** Dataset follows **

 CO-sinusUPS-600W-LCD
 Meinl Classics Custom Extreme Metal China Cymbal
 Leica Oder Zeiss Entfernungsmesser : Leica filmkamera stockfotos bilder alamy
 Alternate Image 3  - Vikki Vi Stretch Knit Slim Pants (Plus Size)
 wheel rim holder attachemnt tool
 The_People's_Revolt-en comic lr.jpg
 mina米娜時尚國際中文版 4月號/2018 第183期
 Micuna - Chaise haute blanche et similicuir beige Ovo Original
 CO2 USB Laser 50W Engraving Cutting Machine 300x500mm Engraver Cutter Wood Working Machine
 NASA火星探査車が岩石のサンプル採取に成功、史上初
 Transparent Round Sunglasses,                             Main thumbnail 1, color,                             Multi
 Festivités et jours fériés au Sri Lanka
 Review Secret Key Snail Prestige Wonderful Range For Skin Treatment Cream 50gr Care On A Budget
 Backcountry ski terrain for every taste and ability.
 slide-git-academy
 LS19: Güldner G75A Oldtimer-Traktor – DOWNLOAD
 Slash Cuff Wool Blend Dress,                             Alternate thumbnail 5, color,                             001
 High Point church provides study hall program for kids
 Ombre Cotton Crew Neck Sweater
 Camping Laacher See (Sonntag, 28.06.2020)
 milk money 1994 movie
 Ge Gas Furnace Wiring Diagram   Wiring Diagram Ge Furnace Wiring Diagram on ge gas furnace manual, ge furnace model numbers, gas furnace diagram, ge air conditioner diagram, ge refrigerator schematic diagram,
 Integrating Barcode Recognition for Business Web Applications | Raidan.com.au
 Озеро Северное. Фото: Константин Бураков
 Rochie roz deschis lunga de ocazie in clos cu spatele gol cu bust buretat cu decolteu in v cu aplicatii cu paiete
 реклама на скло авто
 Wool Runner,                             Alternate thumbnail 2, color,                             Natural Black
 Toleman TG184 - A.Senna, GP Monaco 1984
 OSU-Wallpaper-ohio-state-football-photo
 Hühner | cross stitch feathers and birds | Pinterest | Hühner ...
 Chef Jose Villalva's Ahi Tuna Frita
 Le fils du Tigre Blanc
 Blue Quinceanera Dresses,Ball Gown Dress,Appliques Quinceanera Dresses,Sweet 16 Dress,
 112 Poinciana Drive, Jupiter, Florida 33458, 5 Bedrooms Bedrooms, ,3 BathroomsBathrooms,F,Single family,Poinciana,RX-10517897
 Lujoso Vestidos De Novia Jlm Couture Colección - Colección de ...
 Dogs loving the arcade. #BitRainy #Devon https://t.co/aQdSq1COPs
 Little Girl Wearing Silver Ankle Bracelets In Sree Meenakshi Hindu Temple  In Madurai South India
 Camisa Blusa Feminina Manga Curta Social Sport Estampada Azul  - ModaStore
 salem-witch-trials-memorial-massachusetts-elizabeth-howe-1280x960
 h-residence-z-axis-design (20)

** End of Dataset **

▸ **Task statement**
Please output exactly the lines between the one holding "Micuna - Chaise" and the one holding "Dogs loving the" in the records above, inclusive, and nothing more.

▸ **Solution for this problem**
 Micuna - Chaise haute blanche et similicuir beige Ovo Original
 CO2 USB Laser 50W Engraving Cutting Machine 300x500mm Engraver Cutter Wood Working Machine
 NASA火星探査車が岩石のサンプル採取に成功、史上初
 Transparent Round Sunglasses,                             Main thumbnail 1, color,                             Multi
 Festivités et jours fériés au Sri Lanka
 Review Secret Key Snail Prestige Wonderful Range For Skin Treatment Cream 50gr Care On A Budget
 Backcountry ski terrain for every taste and ability.
 slide-git-academy
 LS19: Güldner G75A Oldtimer-Traktor – DOWNLOAD
 Slash Cuff Wool Blend Dress,                             Alternate thumbnail 5, color,                             001
 High Point church provides study hall program for kids
 Ombre Cotton Crew Neck Sweater
 Camping Laacher See (Sonntag, 28.06.2020)
 milk money 1994 movie
 Ge Gas Furnace Wiring Diagram   Wiring Diagram Ge Furnace Wiring Diagram on ge gas furnace manual, ge furnace model numbers, gas furnace diagram, ge air conditioner diagram, ge refrigerator schematic diagram,
 Integrating Barcode Recognition for Business Web Applications | Raidan.com.au
 Озеро Северное. Фото: Константин Бураков
 Rochie roz deschis lunga de ocazie in clos cu spatele gol cu bust buretat cu decolteu in v cu aplicatii cu paiete
 реклама на скло авто
 Wool Runner,                             Alternate thumbnail 2, color,                             Natural Black
 Toleman TG184 - A.Senna, GP Monaco 1984
 OSU-Wallpaper-ohio-state-football-photo
 Hühner | cross stitch feathers and birds | Pinterest | Hühner ...
 Chef Jose Villalva's Ahi Tuna Frita
 Le fils du Tigre Blanc
 Blue Quinceanera Dresses,Ball Gown Dress,Appliques Quinceanera Dresses,Sweet 16 Dress,
 112 Poinciana Drive, Jupiter, Florida 33458, 5 Bedrooms Bedrooms, ,3 BathroomsBathrooms,F,Single family,Poinciana,RX-10517897
 Lujoso Vestidos De Novia Jlm Couture Colección - Colección de ...
 Dogs loving the arcade. #BitRainy #Devon https://t.co/aQdSq1COPs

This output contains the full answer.